### EXERCISE INSTRUCTIONS
Please transcribe the listing below in full, exactly as written, leaving out its pictures.

### DATA RECORDS
☆ ☆ ☆ ☆ ☆ ☆ ☆
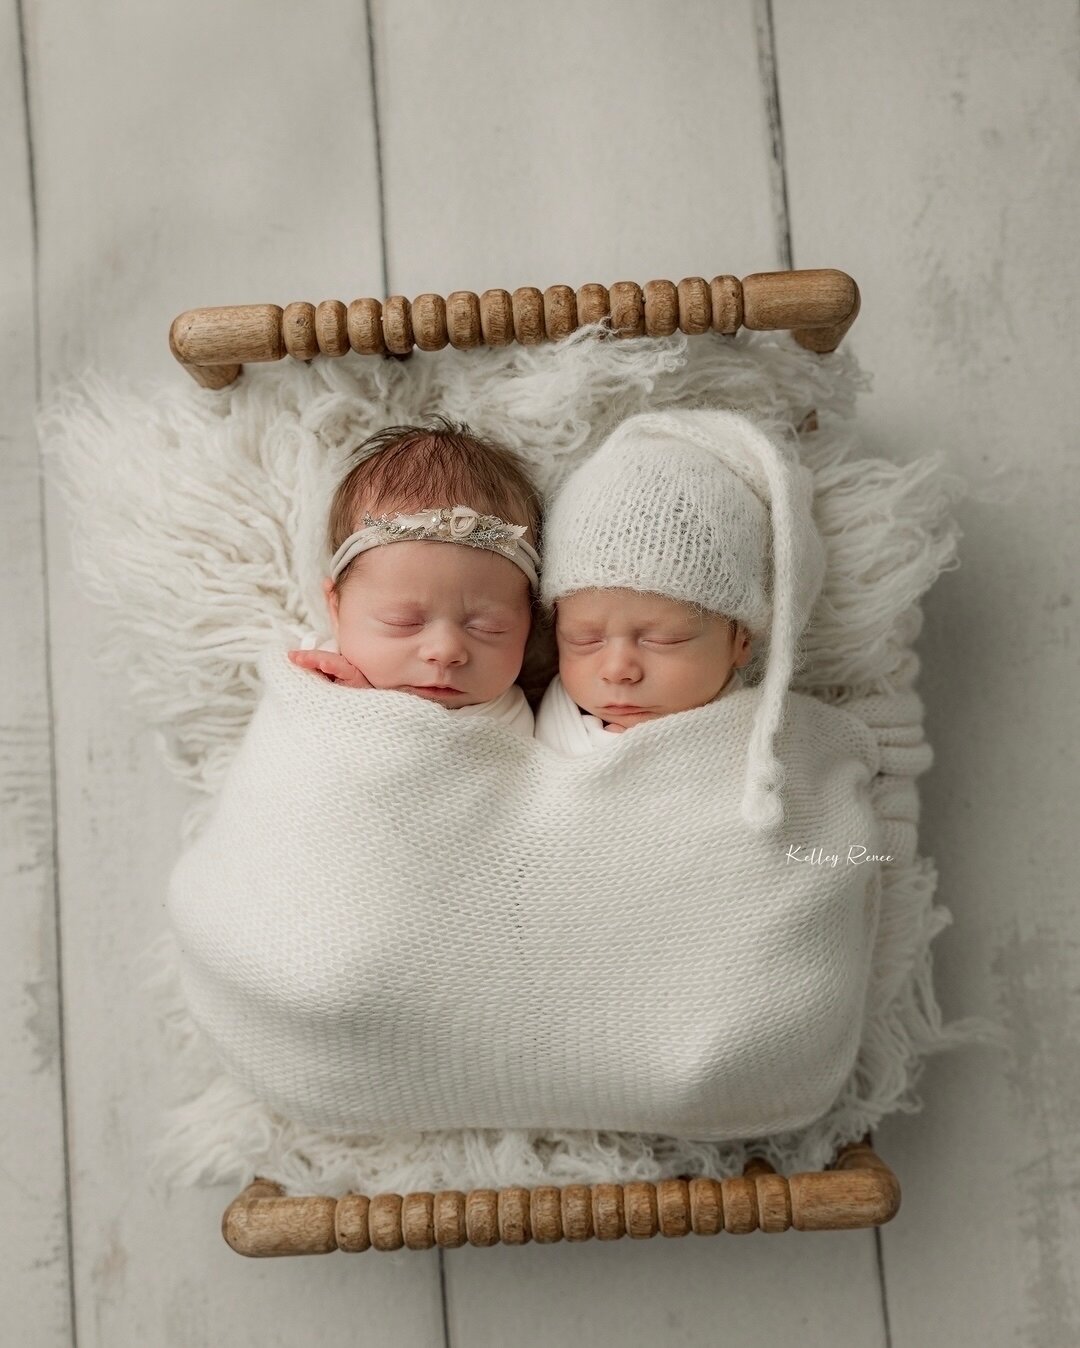 Double the love &lt;3
.
.
.
. #rh #richmondhill #richmondhillga #richmondhillgeorgia #savannah #savannahga #savannahgeorgia #richmondhillnewborn #richmondhillganewborn #twins # newborn twins #savannahnewborn #newbornphotographer #savannahganewborn #p
☆ ☆ ☆ ☆ ☆ ☆ ☆
### ANSWER
 Double the love &lt;3
.
.
.
. #rh #richmondhill #richmondhillga #richmondhillgeorgia #savannah #savannahga #savannahgeorgia #richmondhillnewborn #richmondhillganewborn #twins # newborn twins #savannahnewborn #newbornphotographer #savannahganewborn #p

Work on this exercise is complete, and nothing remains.